Note that getting a new SIM card is NOT the only way to get back on a 4G PRL. My phone dialed *22899 by itself in the middle of the night a few weeks ago and put me on a 3G PRL. I tried doing the battery/sim pull to do a manual update, but saw no immediate change off a 3G one. I stopped worrying about it because I had no change in battery or signal quality, but today I just checked my PRL and its back on a 4G (15xxxx) one. So at some point it did end up going back...but unfortunately I have no exact explanation how.


----------



## GrandMasterB (Jan 24, 2012)

Ok, a little advice from anybody following this thread? I was able to get another sim so hopefully I can get a "do-over" on this whole deal and get back to 15098 or 15109. I haven't even broke it out of the holder yet . Whats the easiest way to just swap one sim out for another?

I know how to switch to my iPhone and then switch back to the 4G device using my Verizon on my laptop, its pretty straight forward and I have already done it several times. I could do it that way if I have too but I was hoping there was an easier way to just swap sim cards.?


----------



## nklenchik (Dec 1, 2011)

You guys are fucking geniuses! I had no number, no service and dialing a simple activation code helped. Idk if I should just keep mine now because Verizon's sending me a new one


----------



## Dankees (Mar 28, 2012)

So, is a new SIM card the answer or should I just pull my SIM card?


----------



## GrandMasterB (Jan 24, 2012)

I'll bet I have pulled mine at least 50 times since starting this thread and they finally just had to replace it. Back on 15109 now and its all better.


----------



## nailbomb3 (Aug 25, 2011)

Preferred ROAMING list.

Who here is roaming? XD

Sent from my Galaxy Nexus using Tapatalk 2 Beta-5


----------



## Dankees (Mar 28, 2012)

I pulled my SIM Card and put it back in and the phone kind of got an improved battery, but when I use it, it really drops like a rock.

Should I be asking for a new SIM Card? Might that do the trick?

I have a weird battery issue. Check out my battery usage after pulling the SIM Card (and a factory reset the day before):


----------



## ncdub (Jun 7, 2011)

So, I have been reading through this thread as well as another one and I have to say I am not on either of these prl's. Mine went from 14xxx to now it is 40087. Its a company plan and we were with Alltel before VZW bought them. Mine looks to be an Alltel prl from what I am seeing. My 4g is good, battery life is OK.... just confused as to why my prl is totally different than anything anyone else has?

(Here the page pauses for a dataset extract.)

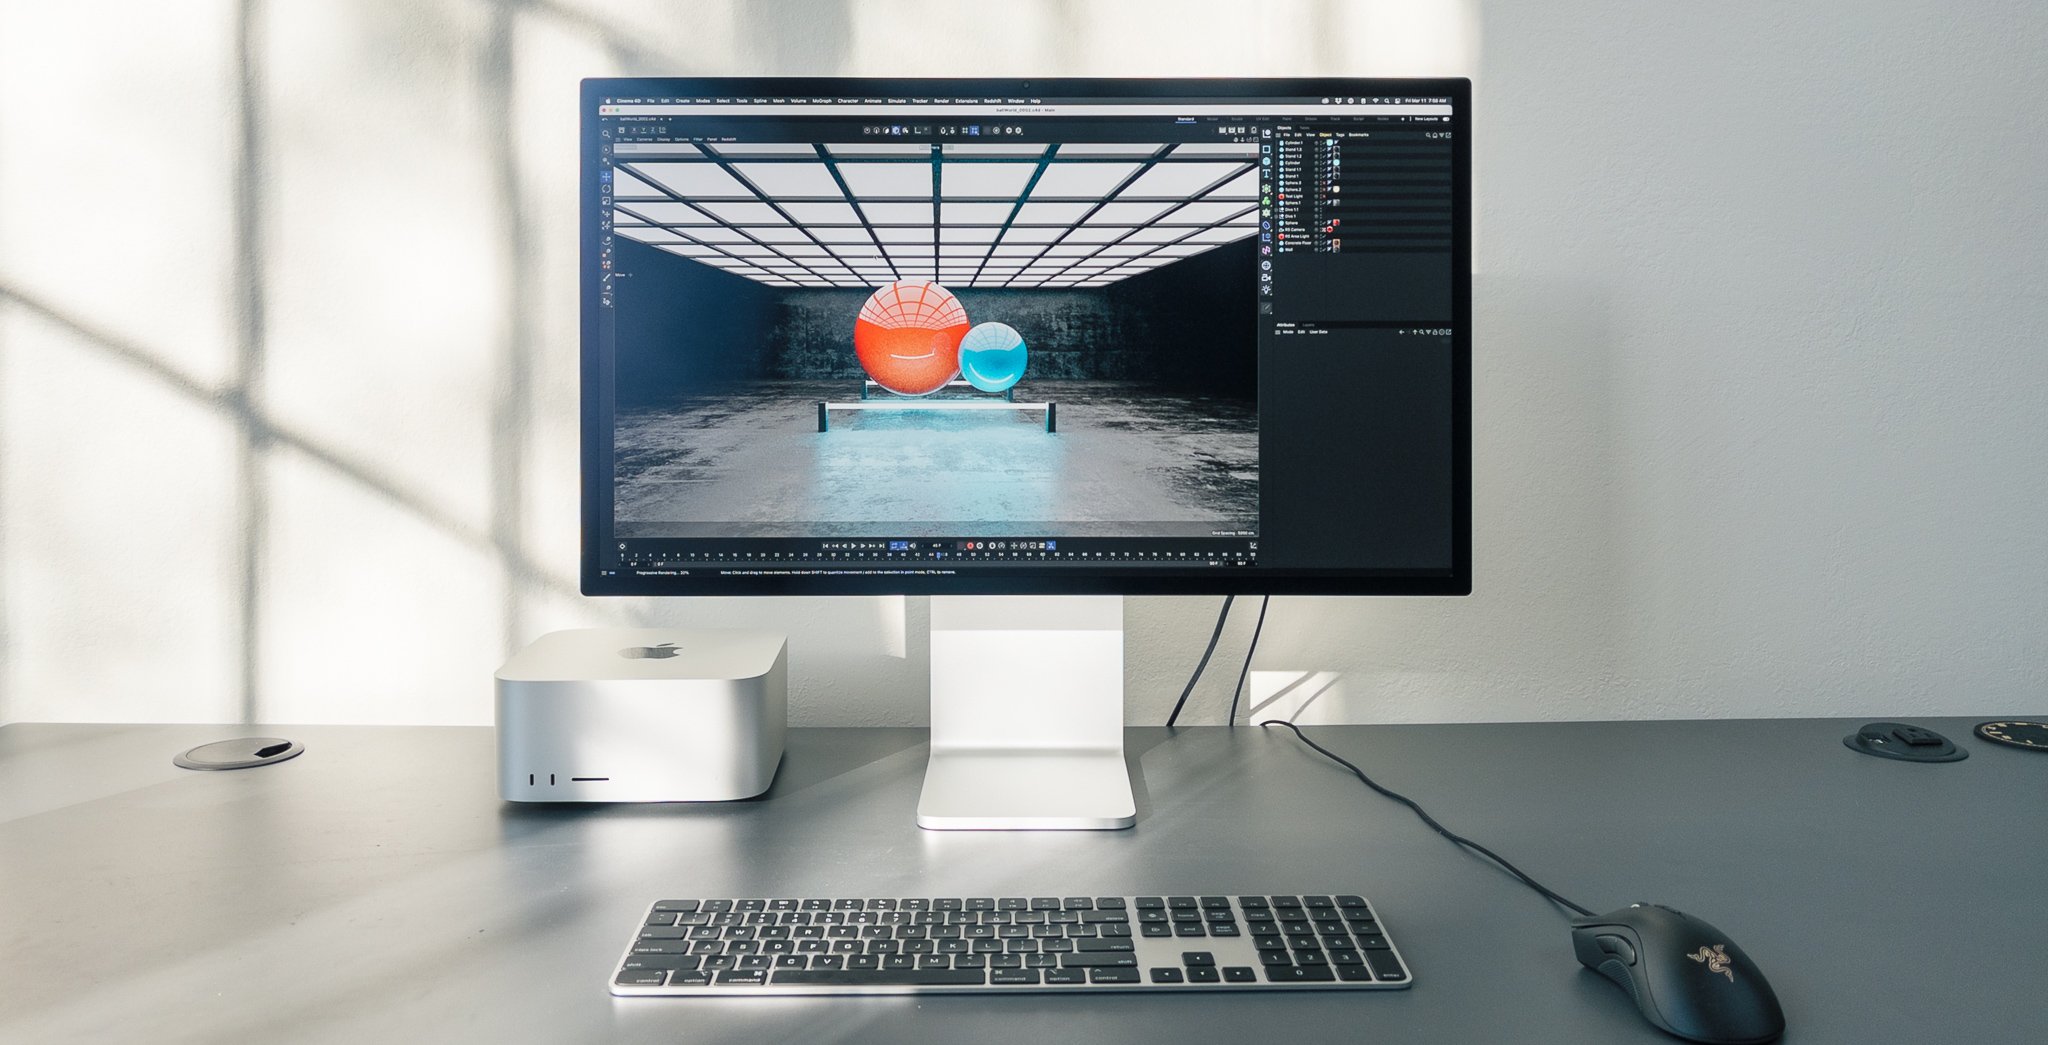 Mac Studio: Release date, price, specs and design

Sent from my Galaxy Nexus using Tapatalk 2 Beta-5


----------



## GrandMasterB (Jan 24, 2012)

ncdub said:


> So, I have been reading through this thread as well as another one and I have to say I am not on either of these prl's. Mine went from 14xxx to now it is 40087. Its a company plan and we were with Alltel before VZW bought them. Mine looks to be an Alltel prl from what I am seeing. My 4g is good, battery life is OK.... just confused as to why my prl is totally different than anything anyone else has?
> 
> Sent from my Galaxy Nexus using Tapatalk 2 Beta-5


From what I have read previously as long as you maintain your previous Alltel pricing plan you will have a different PRL. Once you switch over to Verizons nationwide pricing your PRL will change to be the same as ours. Just what I have read. I can't confirm personally ( but you already did







)


----------